«Christus natus est nobis, venite adoremus»

  Cada vez que nos hallamos en contacto íntimo con Dios, nos sentimos envueltos  en el misterio. Dios habita en una luz inaccesible… Como dice el Salmo 97: «tiniebla y nube lo rodean». Esto es una consecuencia inevitable de la infinita distancia que separa a la criatura de su Creador; pues aunque el hombre puede llegar al conocimiento de Dios por vía racional, es imposible para nosotros comprehender o asir al que, desde toda eternidad, es la plenitud misma del Ser, el Ipsum Esse, el Acto de los actos, el Ser que es Dios. No sólo nos es imposible comprehender a Dios sino también conocerlo enteramente. Ni siquiera será así en la visión cara a cara de la eternidad. Por eso, cuando Nuestro Padre Santo Tomás al final de su vida, le fue dado contemplar más de cerca el misterio de Dios, se dio cuenta que todo lo que había escrito era simple paja. Y eso es verdad. Dios supera y es infinitamente más que todo lo que el más grande de los hombres pueda conocer y decir de Él ¡Es Dios!

  El Apóstol San Juan dice: «Dios es luz, y en él no hay tiniebla alguna» (1 Jn 1,5).
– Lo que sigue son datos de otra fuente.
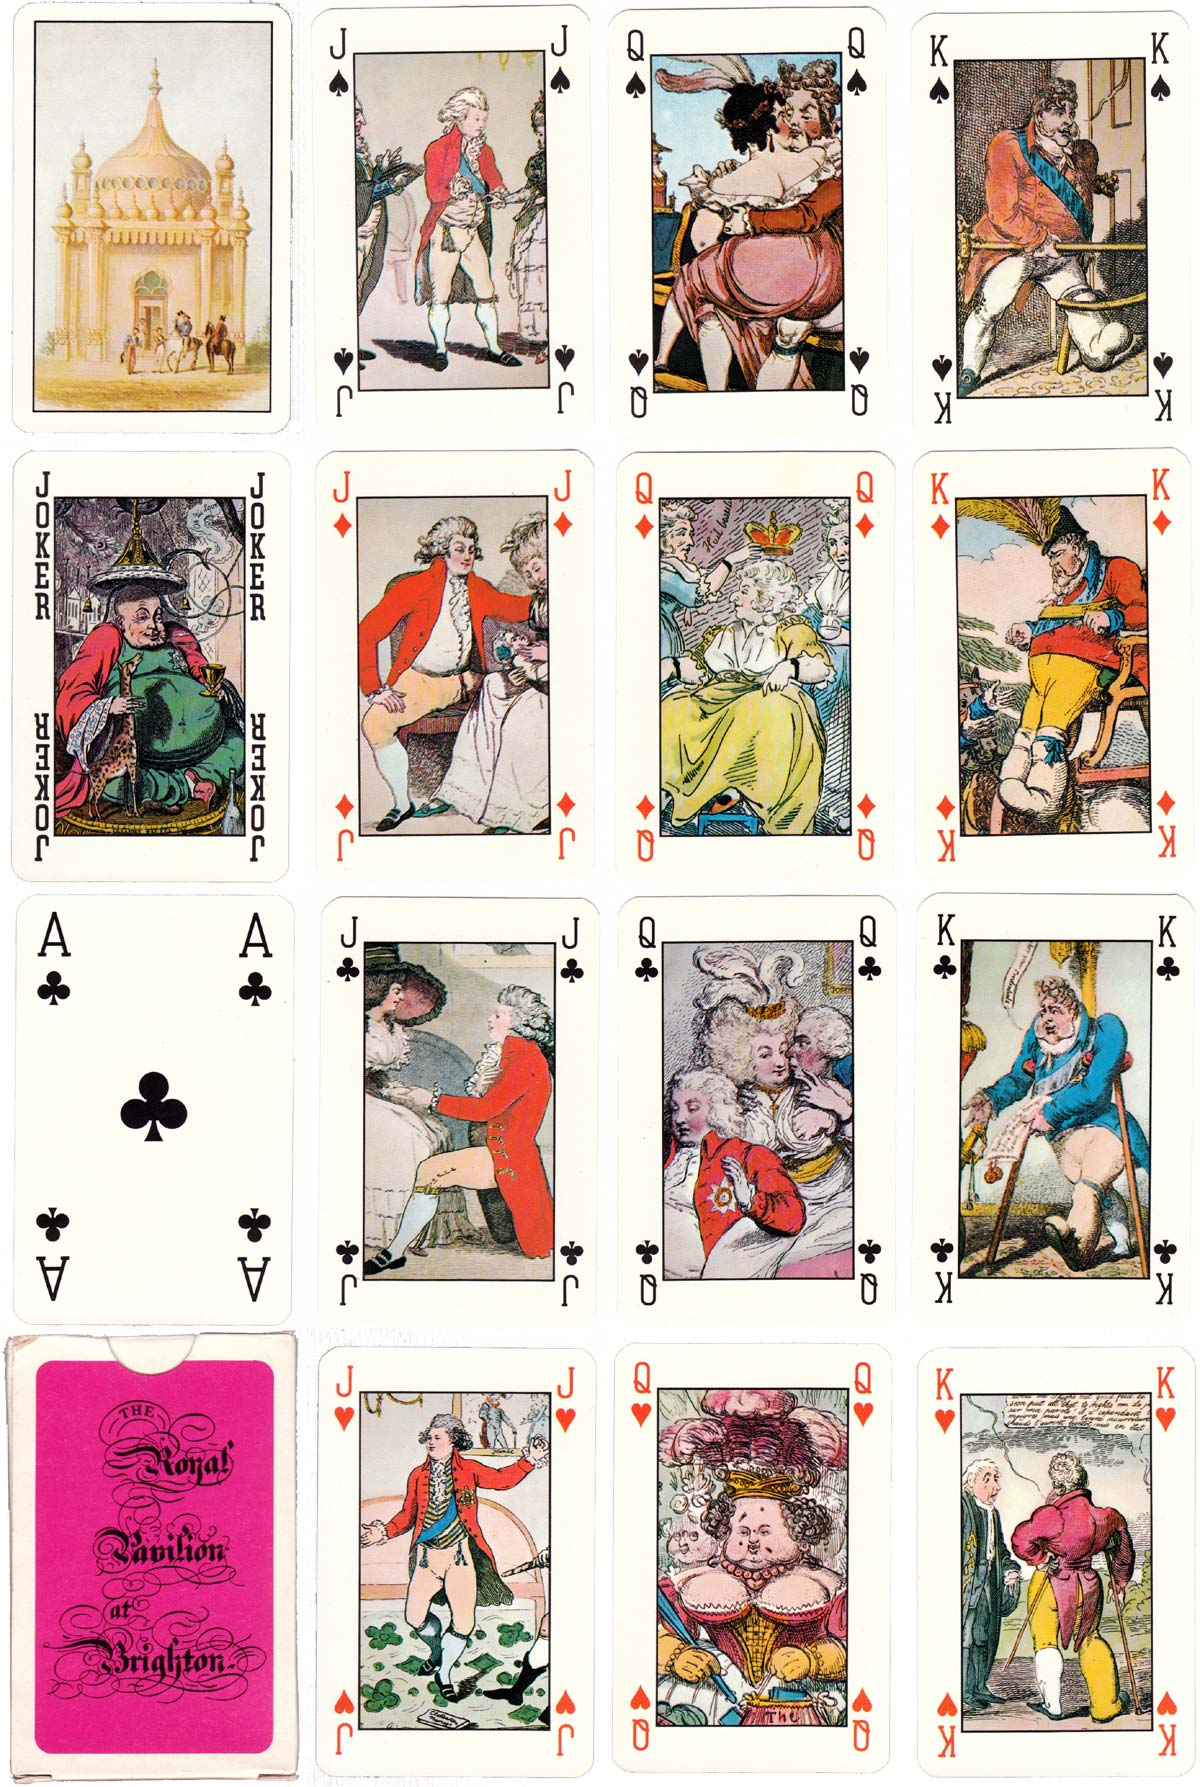 The Royal Pavilion at Brighton playing cards

Masesta Luz cuyos fulgores nos envuelven y penetran, en vez de revelar a Dios a los ojos de nuestra alma, por su plenitud o super - abundancia, parece que lo oculta, de manera semejante a como el sol, por sus resplandores nos impiden contemplarlo. La Escritura nos dice que la Trinidad «habita en una luz inaccesible» (1 Tim 6,16). La luz divina deslumbra demasiado para que pueda penetrar con todos sus esplendores en nuestra débil mirada.
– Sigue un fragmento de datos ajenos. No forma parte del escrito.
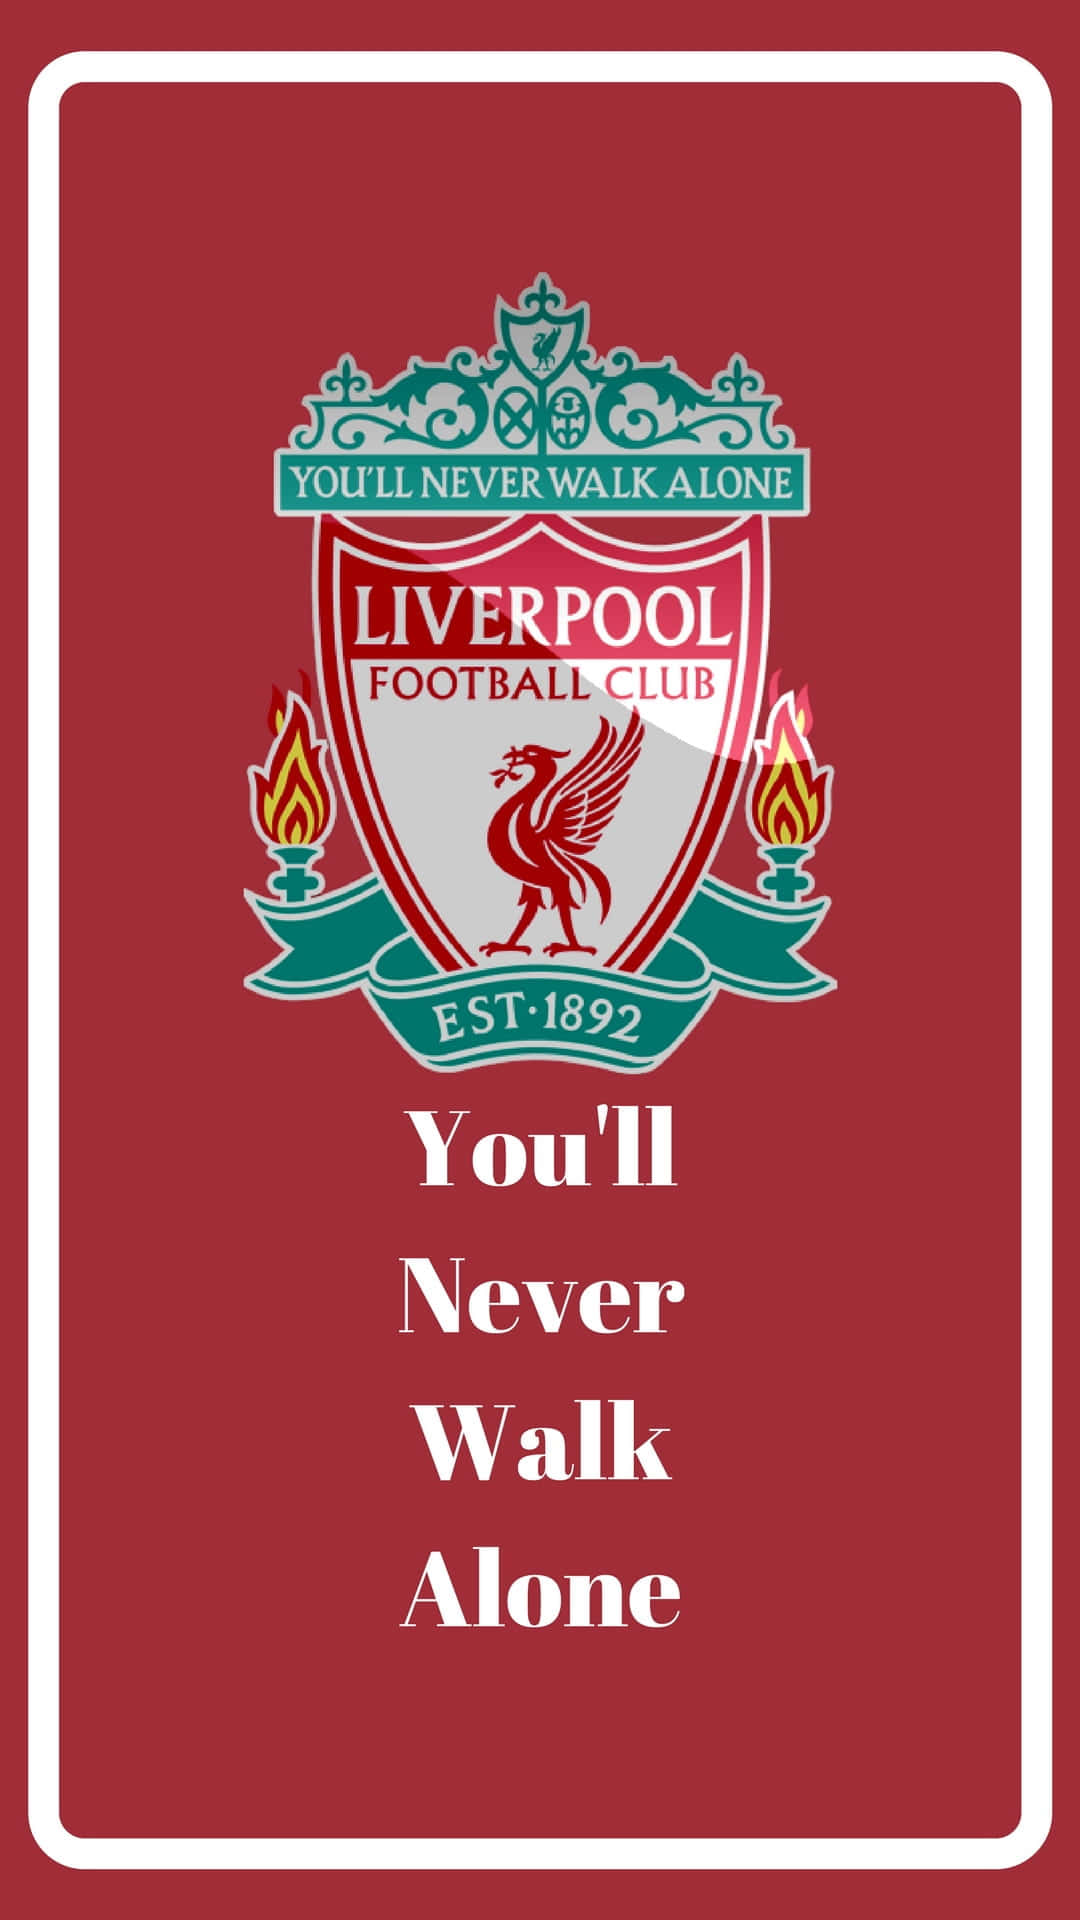 Liverpool Football Club Logo Wallpaper

Sin embargo, a pesar de todo lo anterior, Dios en su infinita bondad, ha querido, de alguna manera y en alguna medida, traspasar este abismo: el Verbo, la Segunda Persona de la Santísima Trinidad, Dios de Dios, Luz de Luz, «resplandor de la luz eterna» (Sab 7,26), se ha revestido de nuestra carne y nace en Belén de Judá. Siendo Dios incomprensible, invisible, inasible e inaccesible para nosotros, por un designio difusivo de su bondad, quiso revelarse, quiso darnos a conocer la misma vida íntima de Dios, quiso hacerse visible, y en cierto sentido comprensible, abarcable y accesible para que, por Su medio, pudiéramos contemplar la divinidad y vivir en ella. Dios se hace hombre para que el hombre pueda contemplar a Dios. Como dice San Juan: «Hemos contemplado su gloria» (Jn 1).

  Envuelta enteramente en las nubes del misterio, esta Misa de media noche comenzó con aquellas palabras solemnes del Introito: «El Señor me ha dicho: ‘Tú eres mi Hijo, yo te he engendrado hoy». Es el grito del alma humana de Cristo, que por vez primera revela a la tierra lo que oyen los cielos desde toda la eternidad. Este «hoy» es el día de la eternidad, día sin aurora y sin ocaso. El Padre celestial contempla a su Hijo encarnado, el cual hecho hombre no deja de ser su Verbo. La primera mirada que reposa sobre Cristo, el primer amor de que se ve rodeado, es la mirada y el amor de su Padre: «El Padre me ama» (Jn 15,9).

  Y este misterio admirable ha tenido por finalidad que el hombre, vuelto a su santidad original, participe de la vida misma de Dios por la filiación adoptiva.

 Pidámosle a María Santísima, en esta noche santa, que engendre y dé a luz al Verbo en nuestros corazones y en nuestro mundo contemporáneo, para que el fin grandioso que Dios se ha propuesto con la Encarnación sea realidad en la historia humana, en Schola Veritatis y en cada uno de nosotros.